Colgan and other legislative Democrats have parted with Kaine over the abusive driver provisions in the past three weeks. Unlike many of them, Colgan does not favor a special legislative session this year.

In a news conference with House and Senate Republican leaders last week, Kaine resisted growing calls for a special session to repeal the bill, asking for more time to study the effectiveness of the fees in reducing traffic accidents and dangerous driving.

In addition to political opposition to the fees, the first effort to have courts declare them unconstitutional got on track Thursday. A Henrico County General District Court is expected to render the first ruling on the law by Aug. 2, the first step toward a state Supreme Court decision.

Virginia modeled its penalties against egregious driving on those already in effect in Michigan and New Jersey. But there is no data in either of those states that conclusively demonstrates that roads became safer as a result.

Kaine on Friday cited unspecified “anecdotal evidence” since July 1 that he said suggests the fees are working.

Uh, Kaine can you open your mouth without removing any doubt that you’re an idiot? What “anecdotal evidence”? Do I have to file a freedom of information act (FOIA) request for it?

I have a question, Governor, are you going to pay interest for the reimbursements? How much will it cost to reimburse people in administrative fees for the original collection and then reimbursement?

You sir, are a bold face liar, you have not intention of repelling the law, otherwise, you would have requested a special session. You’re hoping that people forget completely about by January. I, for one, won’t have.

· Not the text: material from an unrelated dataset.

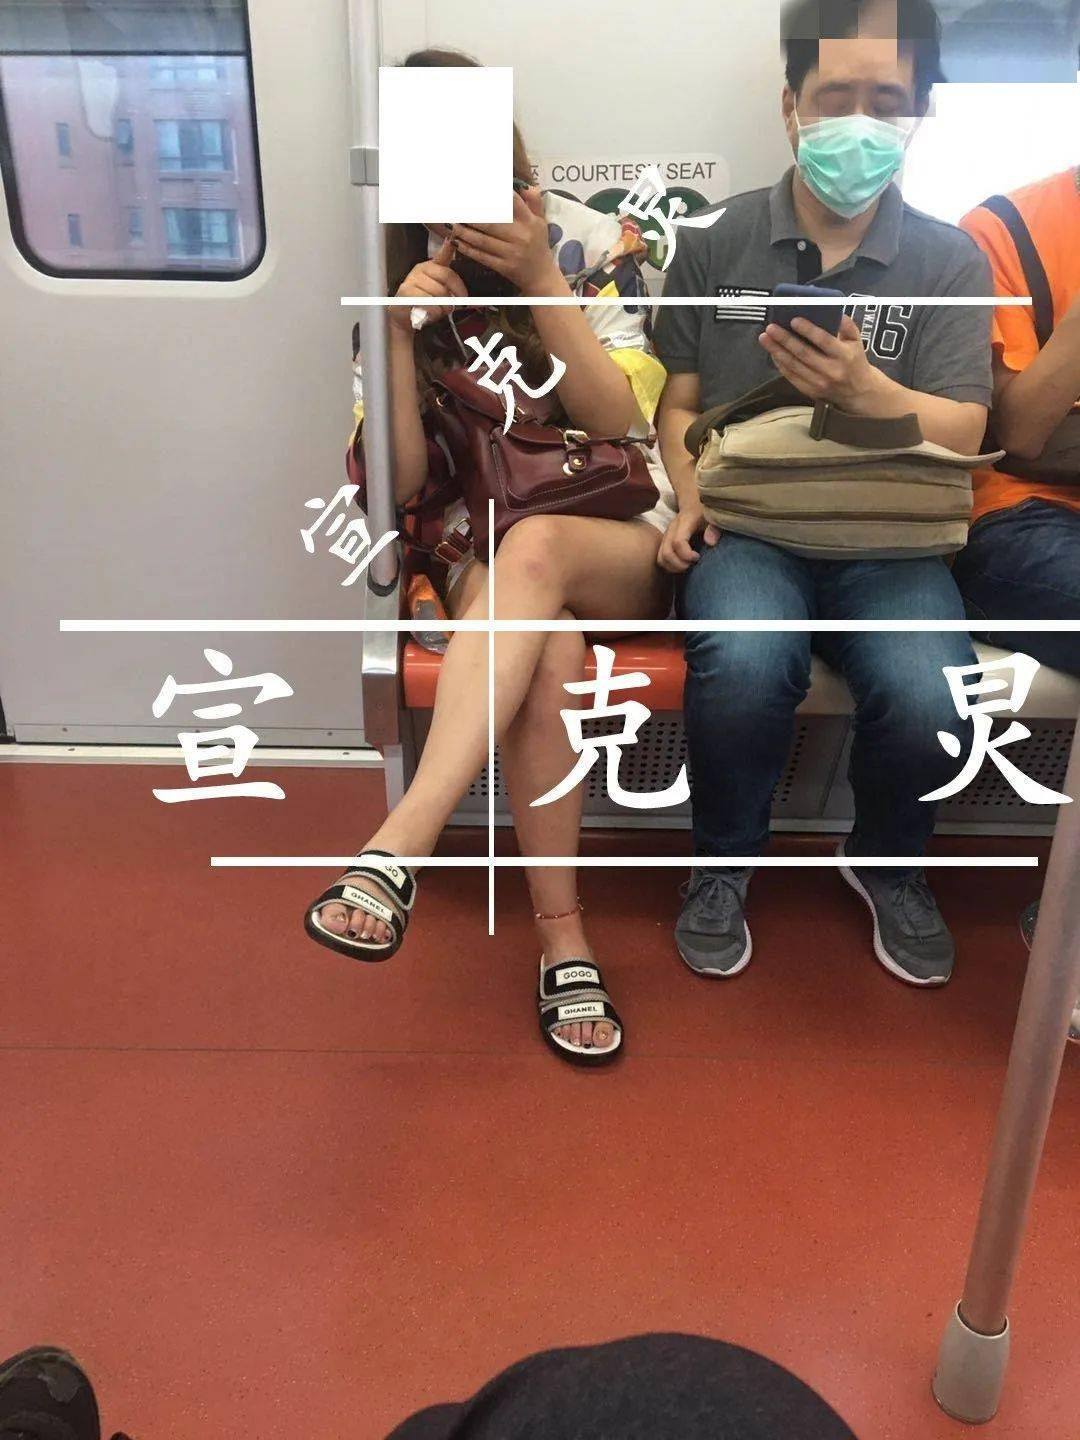 上海地铁上也出现了"咸猪手"

Remember this crap in November people.

Let’s screw the businesses so we can get reelected in November…

From Stafford tries tax districts again:

Stafford County could soon tax businesses to pay for the widening of two congested roads.

The Board of Supervisors approved a measure last week to create service districts for State Route 610 and U.S. 17.

But one business owner, who successfully sued the county before, said he plans to fight the measure again.

Attorney Richard Nageotte runs a law practice along 610. He sued Stafford in 2001, and again in 2006, to block the creation of the 610 service district.

In the last Circuit Court decision, the judge ruled that Virginia’s service district law excludes roads under the jurisdiction of the Virginia Department of Transportation.

But the General Assembly has since clarified the statute, giving Stafford the green light to try again.


Although he hasn’t filed suit yet, the attorney said he plans to challenge the measure because it’s unfair to small-business owners.

“The bottom line is the business community shouldn’t be taxed for what is necessary for the entire community,” he said. “If we need improvements to 610, then everyone should pay for them.”

Improvements planned for 610 include widening it from four lanes to six lanes, beginning at Interstate 95 and ending at Onville Road.


Planned changes to U.S. 17 include lane expansions and additional sidewalks. A federal highway, U.S. 17 is used by thousands of out-of-town motorists each day, noted Falmouth Supervisor George Schwartz.

“We’ve got truck traffic coming up and down, tourists, everybody uses that road,” said Schwartz, who was the only supervisor to oppose the service districts. “It’s unfair to tax only the local business to improve that road.”

Funding from VDOT and revenue from the gas tax have helped pay for some road projects. But local officials say more funding is needed to ease congestion on Stafford’s busiest roads.

The levy against businesses is the only viable available option for now, according to Hartwood Supervisor Joe Brito.

“As far as I’m concerned, the service district is the last resort,” he said.

Why is it that only businesses are going to be taxed? How many subdivisions are on these roads that probably account for the majority of traffic on them? The businesses wouldn’t be there if the people didn’t live on the road.

From what I can see on Google Earth of the area, there has to be over a dozen different subdivisions on a couple mile section of 610 (Garrisonville Road). Expert planning there Stafford County.